The bill expands access and clarity for students with disabilities—through a broader disability definition, acceptance of common records, centralized support, and better data—while imposing administrative and fiscal costs, raising privacy and consistency risks, and leaving some ADA ambiguities unresolved.
Students with disabilities: a broader and clearer statutory definition of "disability" under HEA programs increases the number of students who qualify for accommodations and covered services.
Students with disabilities: institutions must accept common existing records (IEPs, 504 plans, prior college disability plans, licensed evaluations, service-related records), reducing documentation barriers and speeding access to accommodations.
Colleges, universities, and students: required publication of transparent eligibility criteria plus a federally funded national technical center will give clearer guidance and centralized support to improve accommodation processes and institutional compliance.
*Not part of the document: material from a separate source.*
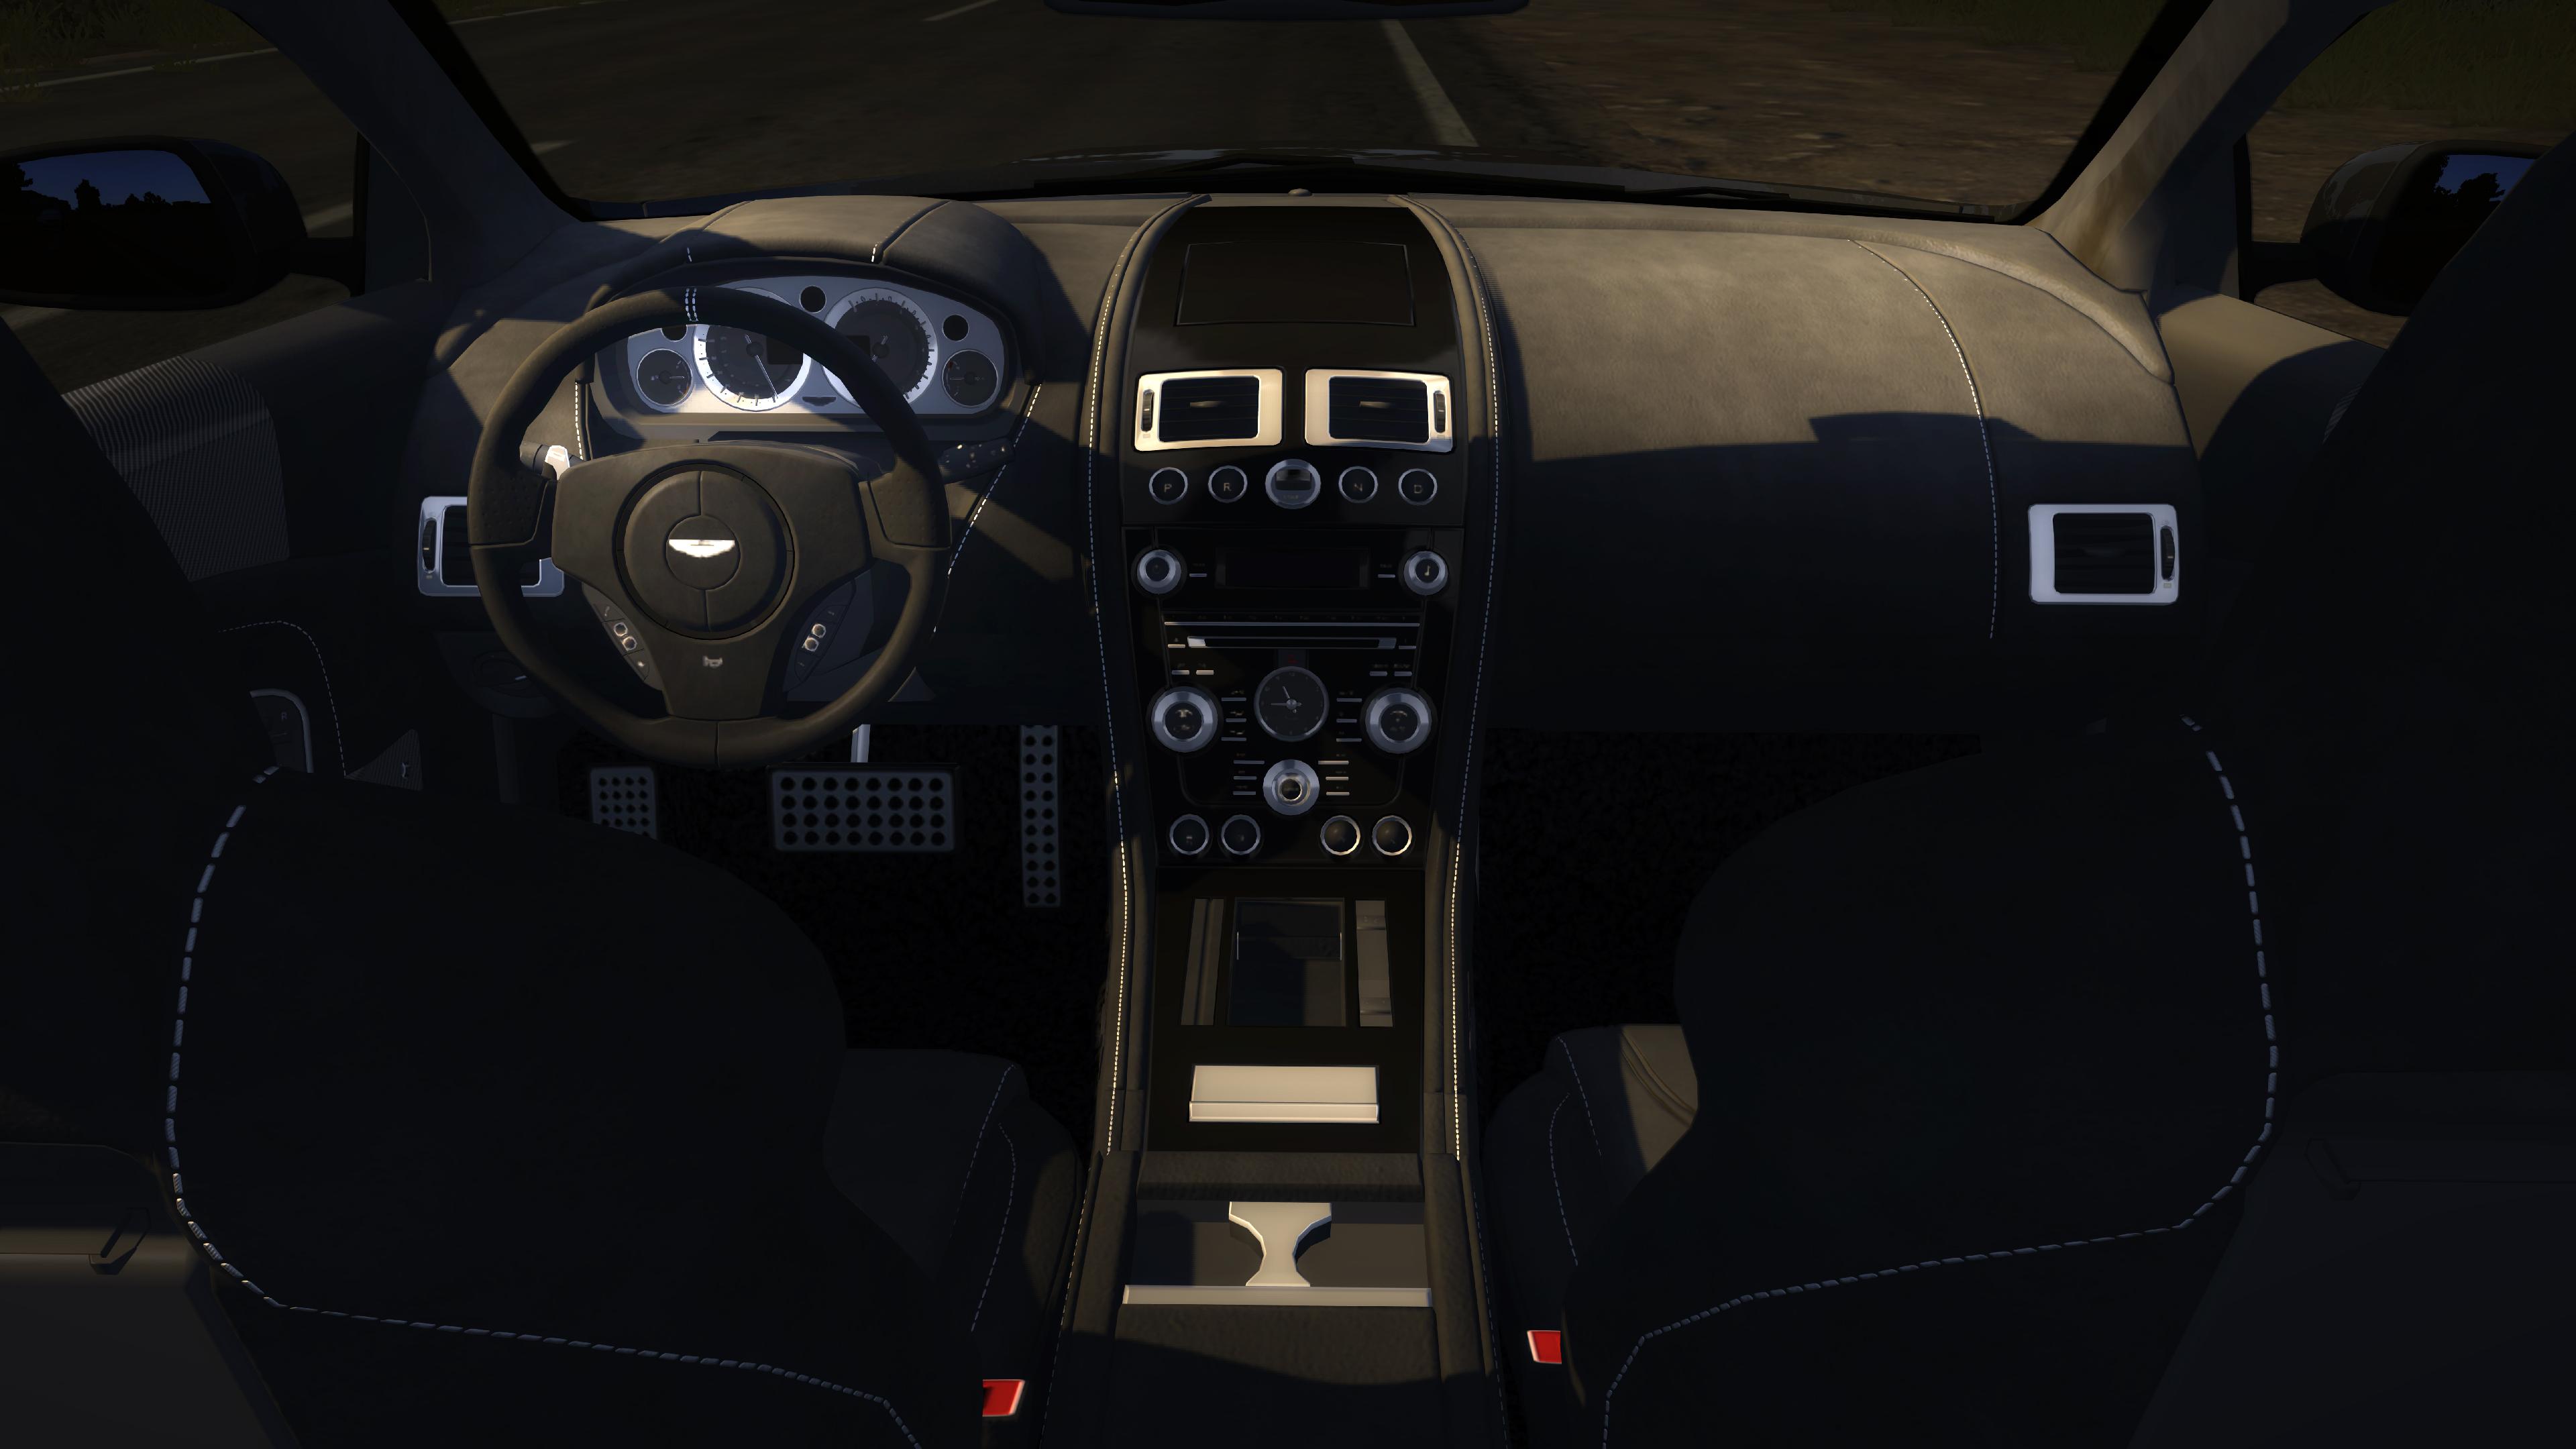 Test Drive Unlimited 2 Aston Martin Dbs Interior

Colleges and universities: expanded eligibility, new reporting, required policy updates, staff training, and data collection will impose significant administrative burdens and recurring costs on institutions.
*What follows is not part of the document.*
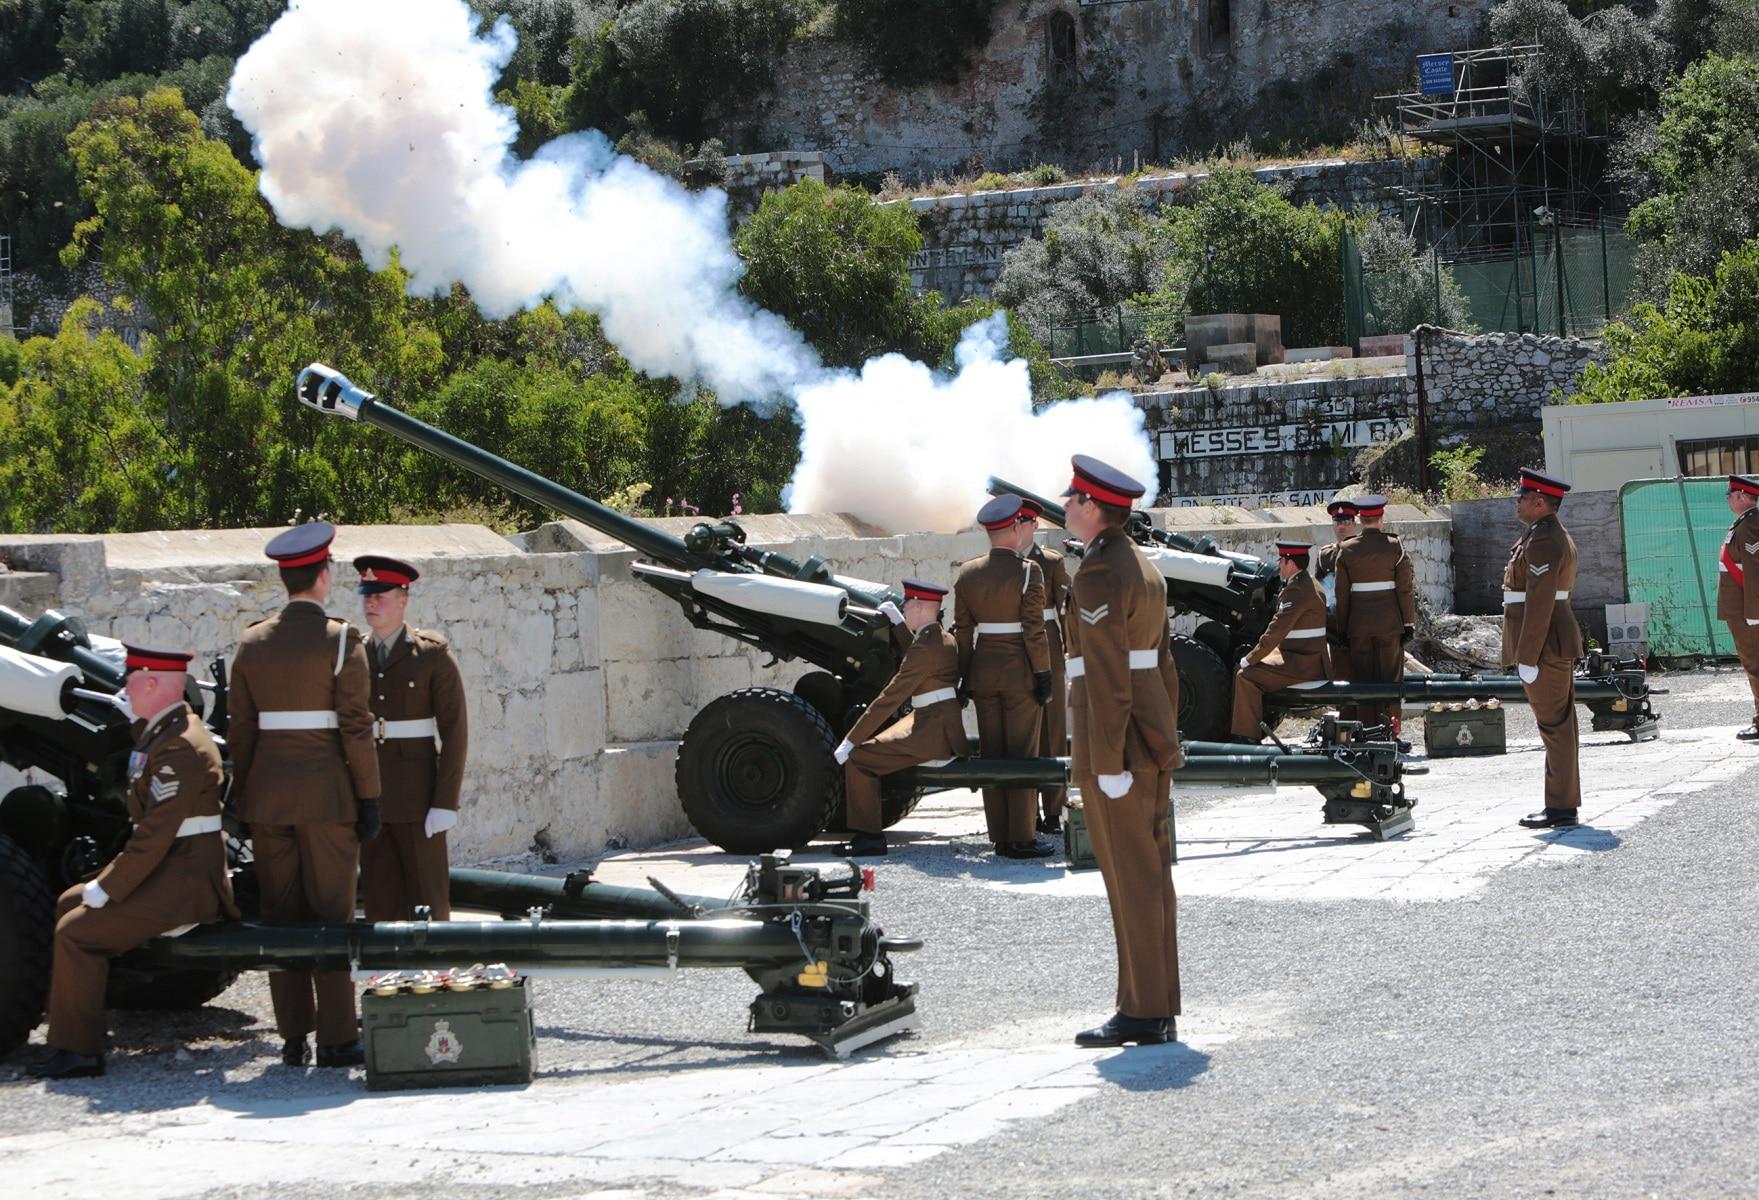 2-jun-2016-salvas-en-gibraltar-honor-al-aniversario-de-coronacin-de-la-reina_27417177485_o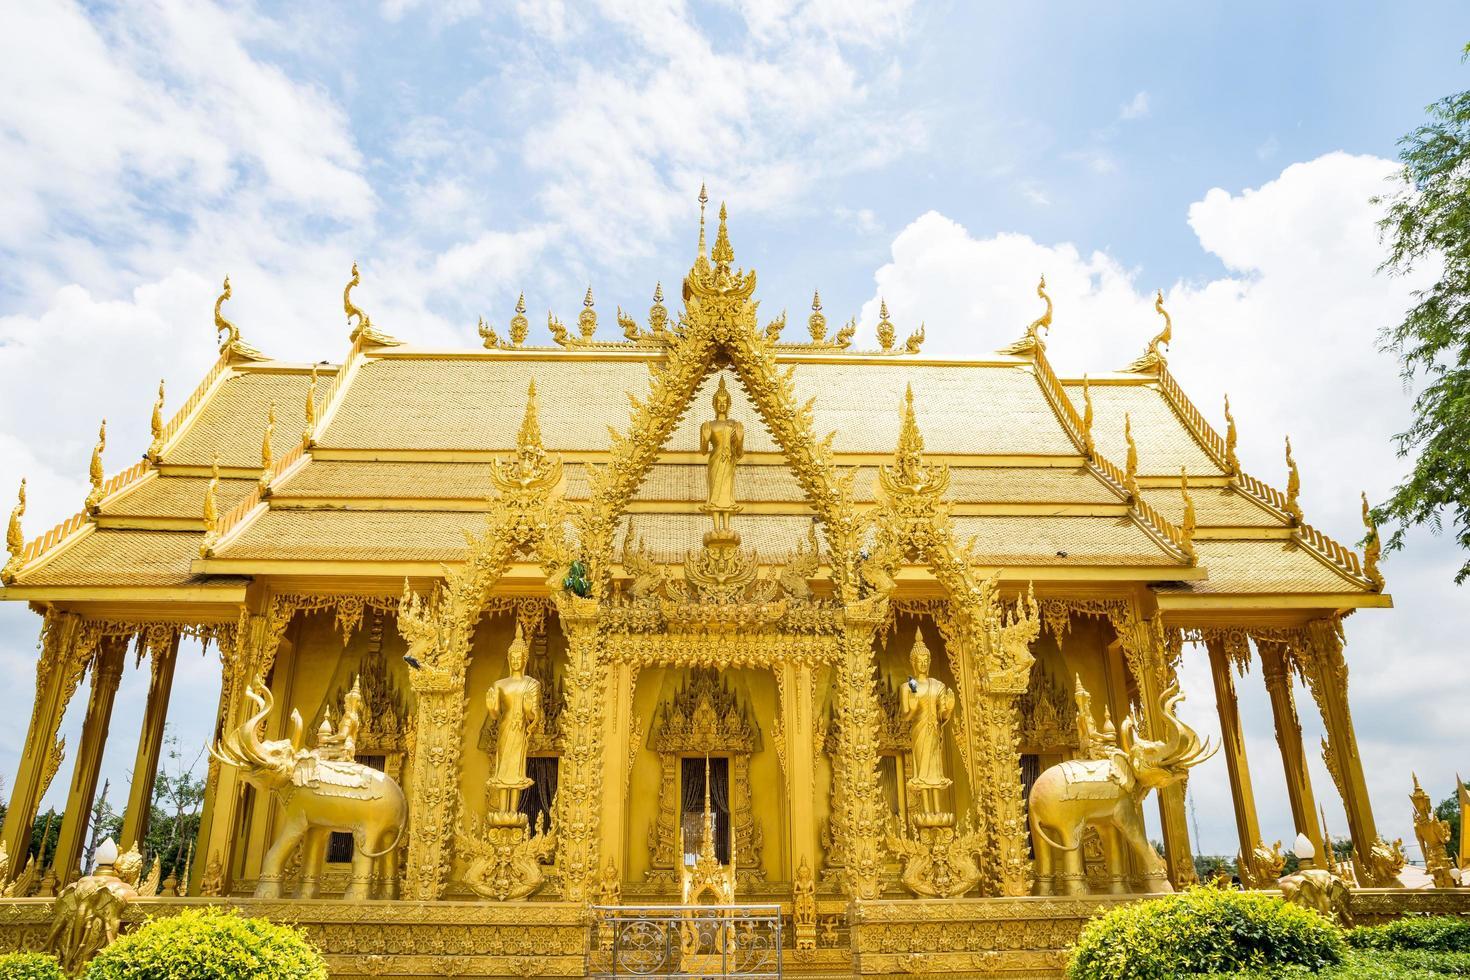 de gouden tempel van wat paknam jolo, thailand foto

Taxpayers and institutions: the Act authorizes new federal spending (e.g., $10 million for a national center) and could increase program participants without corresponding funding, raising costs for taxpayers or straining institutional budgets.
Students with disabilities: reporting and data collection create privacy and re‑identification risks (especially in small programs) and legal complexity balancing FERPA/ADA, which may deter some students from registering for services.
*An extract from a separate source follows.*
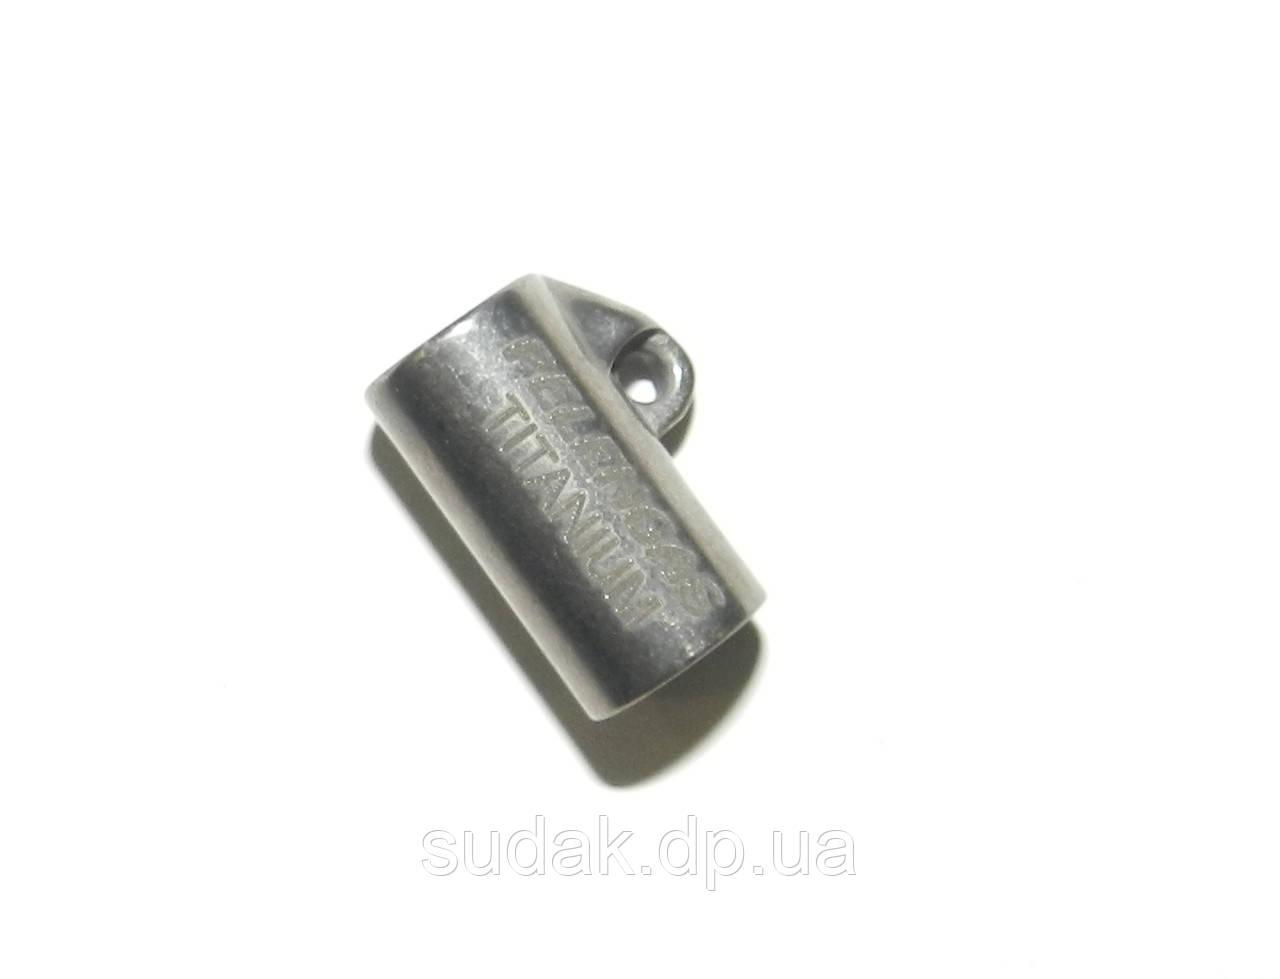 PELENGAS Скользящая втулка Titanium с гидротормозом 7 мм

Based on analysis of 6 sections of legislative text.
Requires colleges to accept common disability documents for accommodations, publish transparent eligibility rules, report aggregate disability data, and authorizes $10M for a national support center.
Introduced June 12, 2025 by Suzanne Bonamici · Last progress June 12, 2025
Requires colleges and universities to accept a set of common school and professional disability documents as sufficient evidence to establish student disability status for accommodations, to publish clear, accessible eligibility and documentation policies, and to share those policies with students, parents, and faculty. It also requires institutions to report aggregate counts about undergraduate students with disabilities to federal postsecondary data collections and authorizes $10 million for a national information and technical support center for postsecondary students with disabilities. The law clarifies a cross-reference in the Higher Education Act's definition of "disability," allows schools to use even less burdensome standards if they choose, protects existing ADA definitions and rights, and exempts reporting that would reveal personally identifiable student information.